Roma (NEV), 23 gennaio 2013 – “Dove c’è stata incomprensione e sofferenza, là ci siano riconciliazione e pace”. Sono queste le parole della lapide posta domenica 20 gennaio a Favale di Malvaro (GE), piccolo borgo dell’entroterra di Chiavari, per chiudere una storia di intolleranza che da 160 anni attendeva di essere sanata. Non c’è infatti protestante italiano che non conosca i Cereghino del Favale, famiglia di cantastorie che costituì nel paesino ligure una piccola ma significativa presenza protestante, in particolare valdese. I Cereghino che, nei loro spettacoli raccontavano le storie della Bibbia, vennero duramente perseguitati dai loro compaesani, tanto che l’allora parroco di Favale li denunciò per cospirazione contro la religione di Stato, accusa che pagarono con il carcere. Eventi lontani, rinnovati però ogni giorno dalle parole di una lapide eretta nel 1853 nel Santuario della Madonna del Rosario “a guardia del cattolico dogma, contro la qui intrusa valdese eresia”.

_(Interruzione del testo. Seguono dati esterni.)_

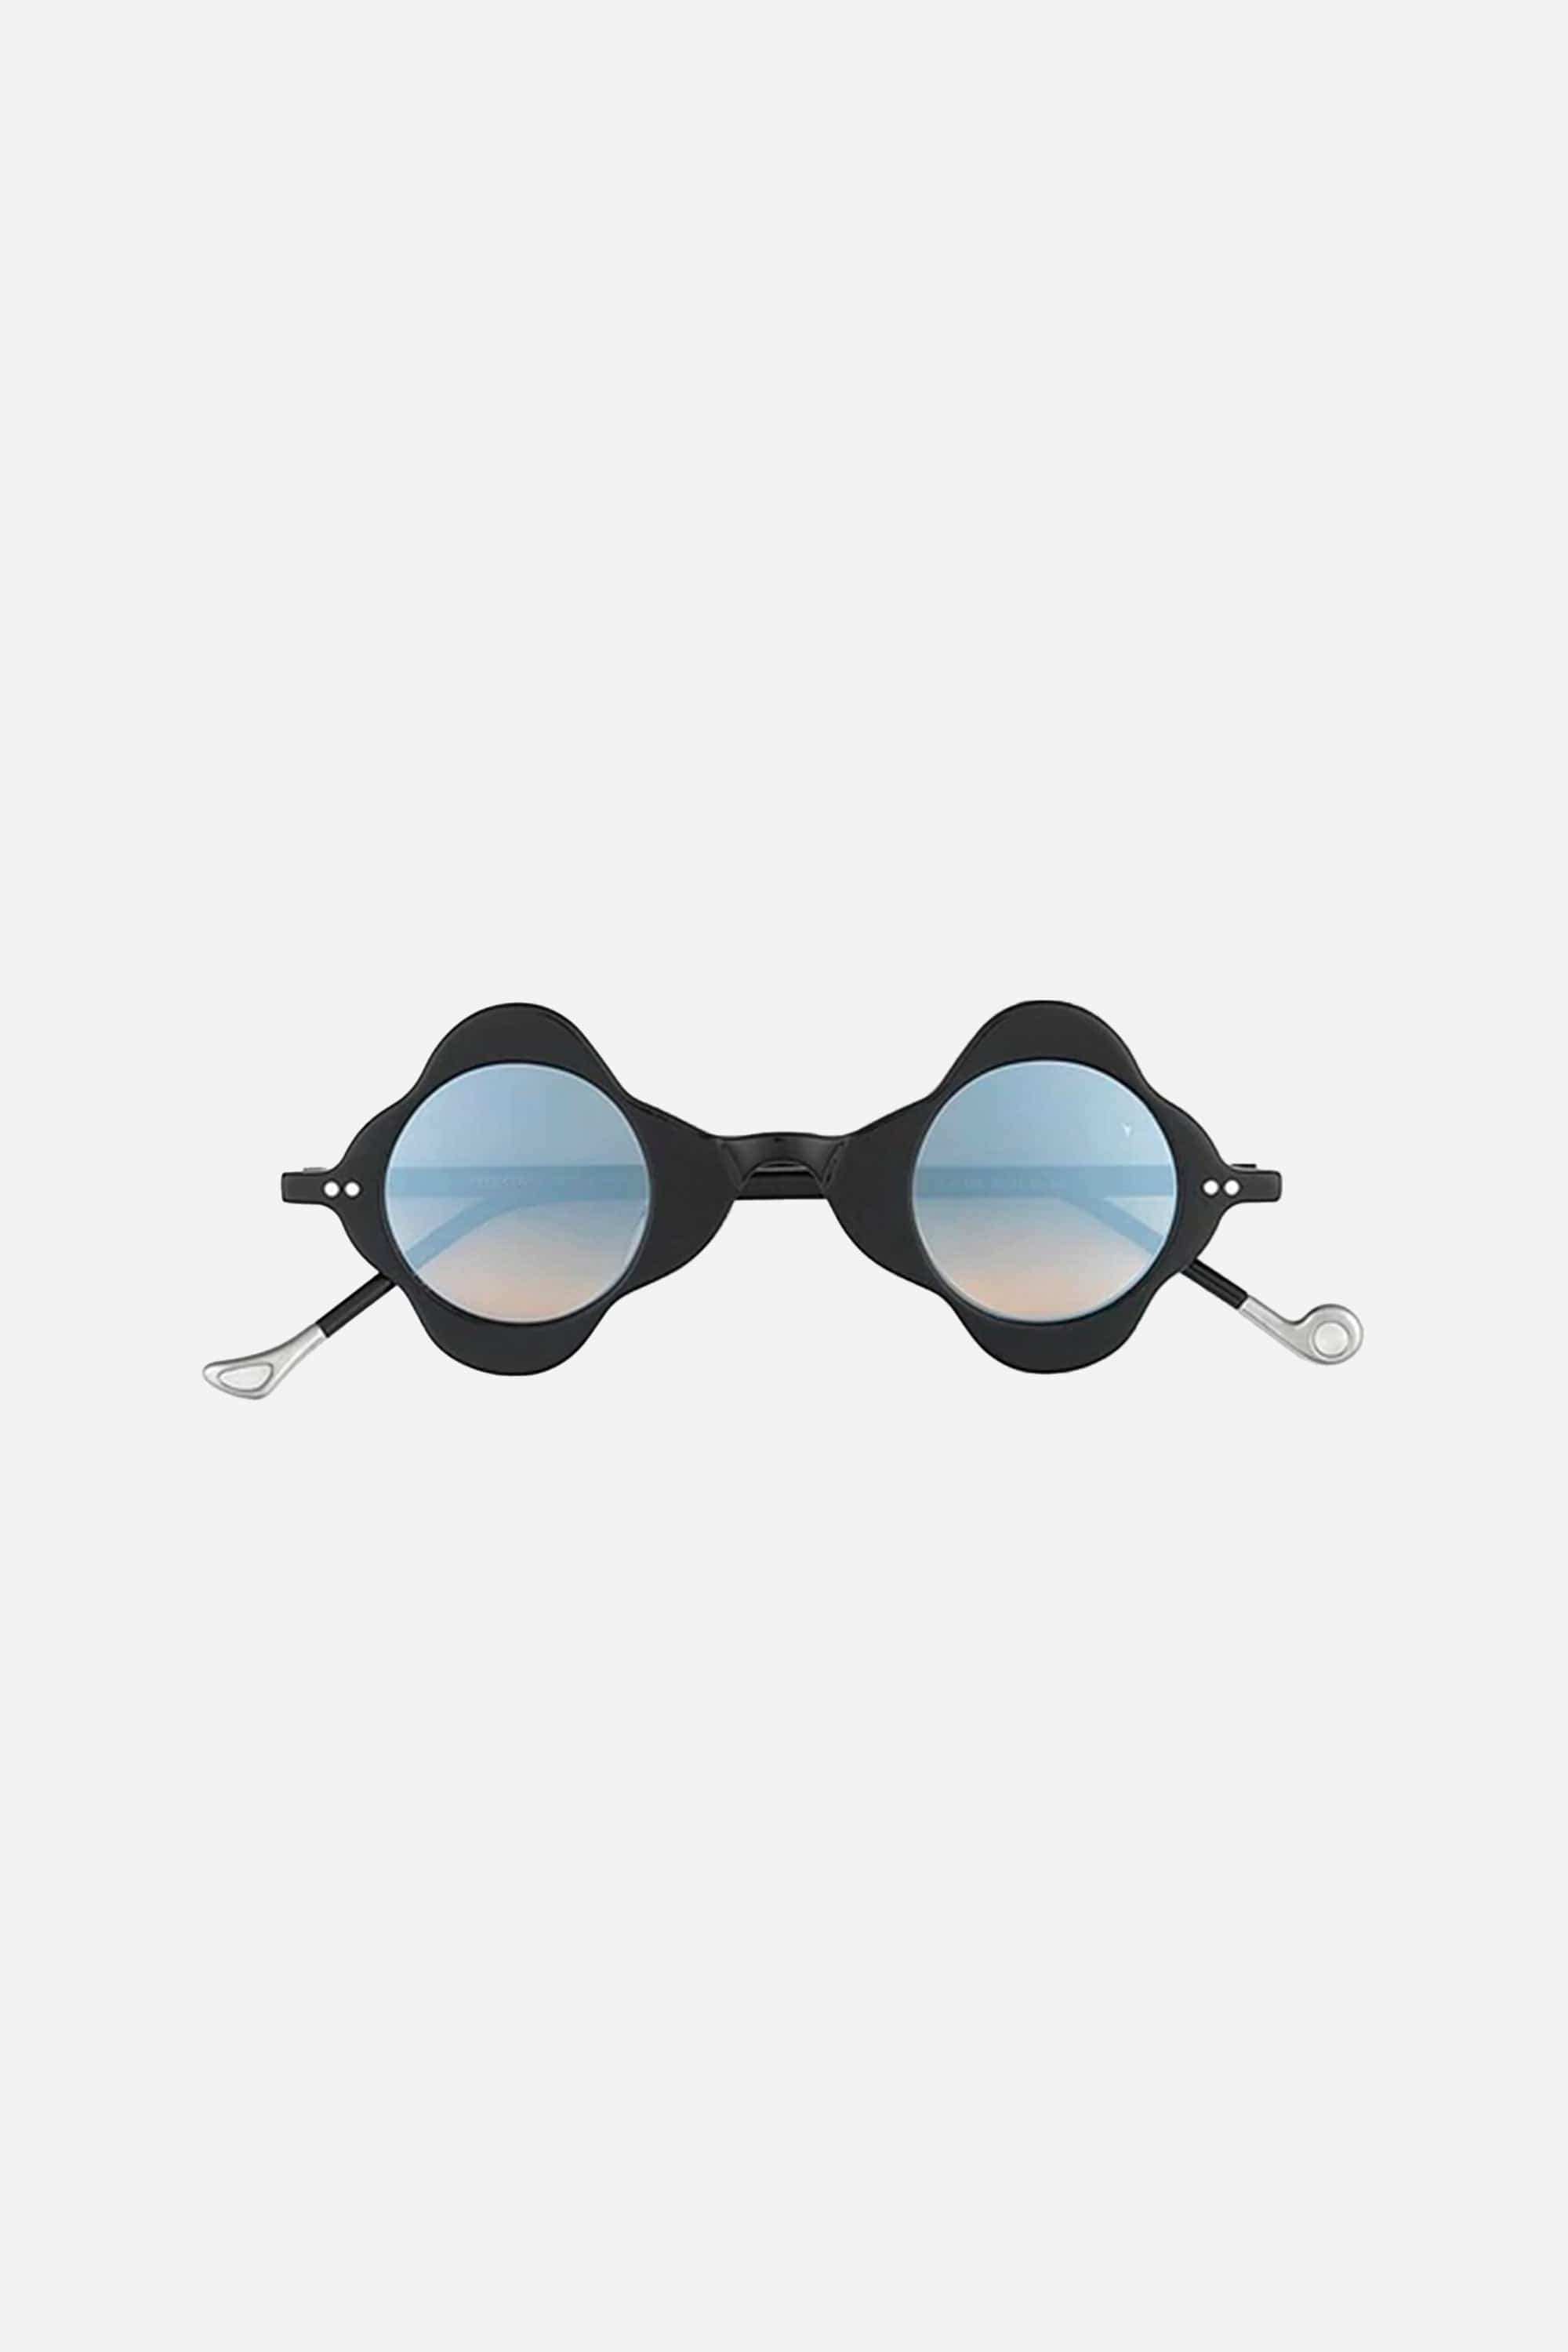 Eyepetizer black diciotto sunglasses - Eyewear Club

E’ proprio sotto quella iscrizione che in una cerimonia, a cui hanno partecipato monsignor Alberto Tanasini, vescovo di Chiavari, il parroco di Favale, don Gianemmanuele Muratore, e Carlo Lucarini, rappresentante della chiesa battista di Chiavari (la chiesa evangelica che ha raccolto l’eredità dei Cereghino), è stata posta la nuova lapide. “L’idea di questo gesto storico è venuta da parte cattolica – spiega Carmine Bianchi, pastore a Chiavari fino allo scorso settembre -. “Nel corso del 2012 la nostra chiesa a Chiavari ha celebrato il suo Centenario e questi ci ha riportati a Favale dove abbiamo incontrato don Muratore che ha da subito espresso il desiderio di un gesto di riconciliazione per chiudere quella brutta vicenda del passato”.

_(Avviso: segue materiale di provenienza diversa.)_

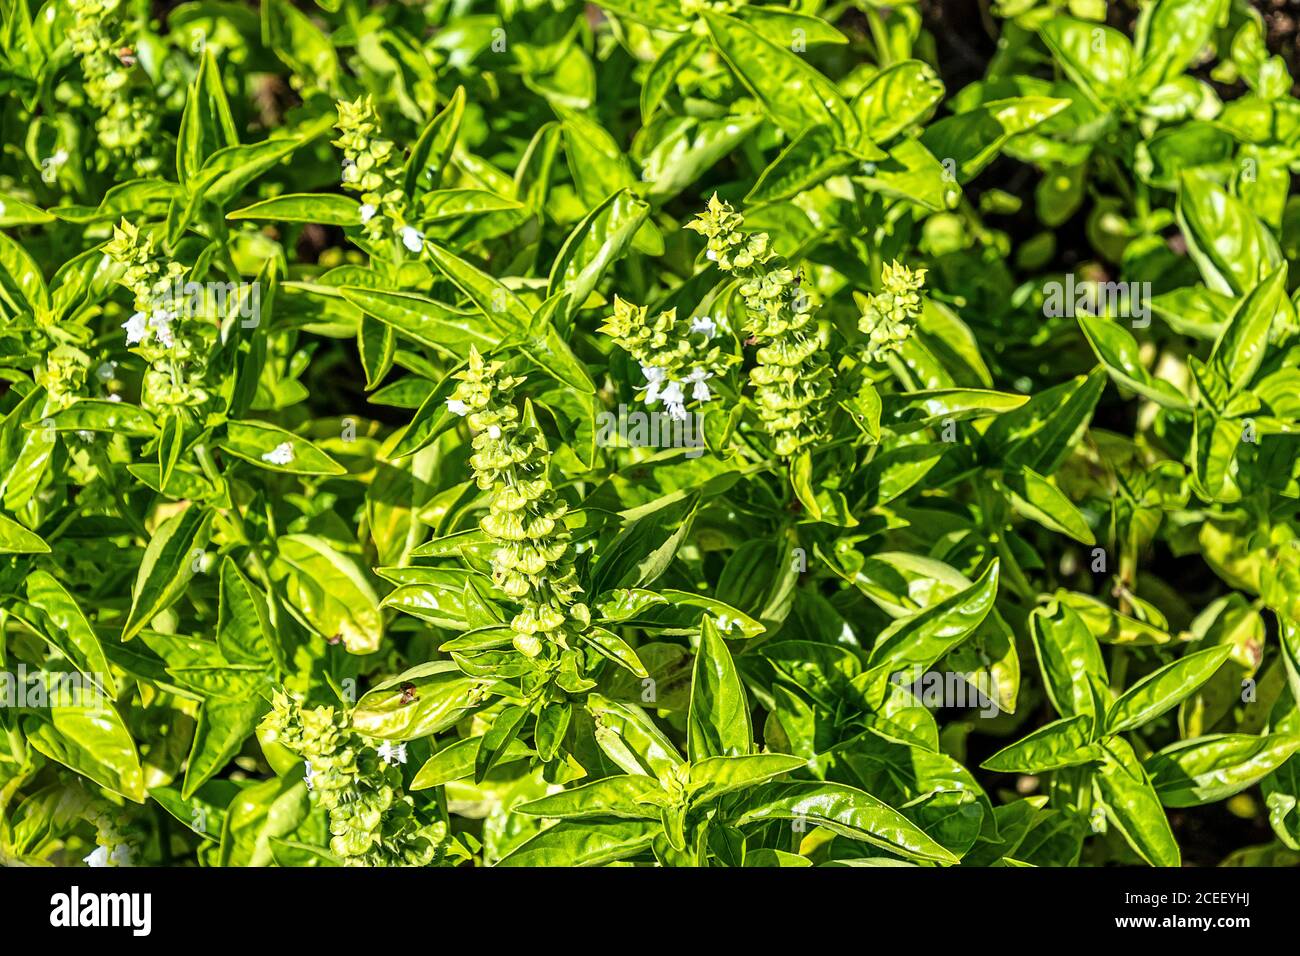 Culinary herb background - Ocimum Basilicum flowering plants Stock Photo

Il vescovo Tanasini ha accolto la proposta e, cogliendo anche l’occasione del Cinquantennale del Concilio Vaticano II, ha presieduto alla cerimonia di posa della nuova lapide. “Non sta a noi giudicare quegli avvenimenti lontani – ha detto Tanasini riferendosi ai fatti storici -. Oggi abbiamo voluto fare un gesto di incontro: offrire una mano tesa, che è già stata stretta dall’altra parte”.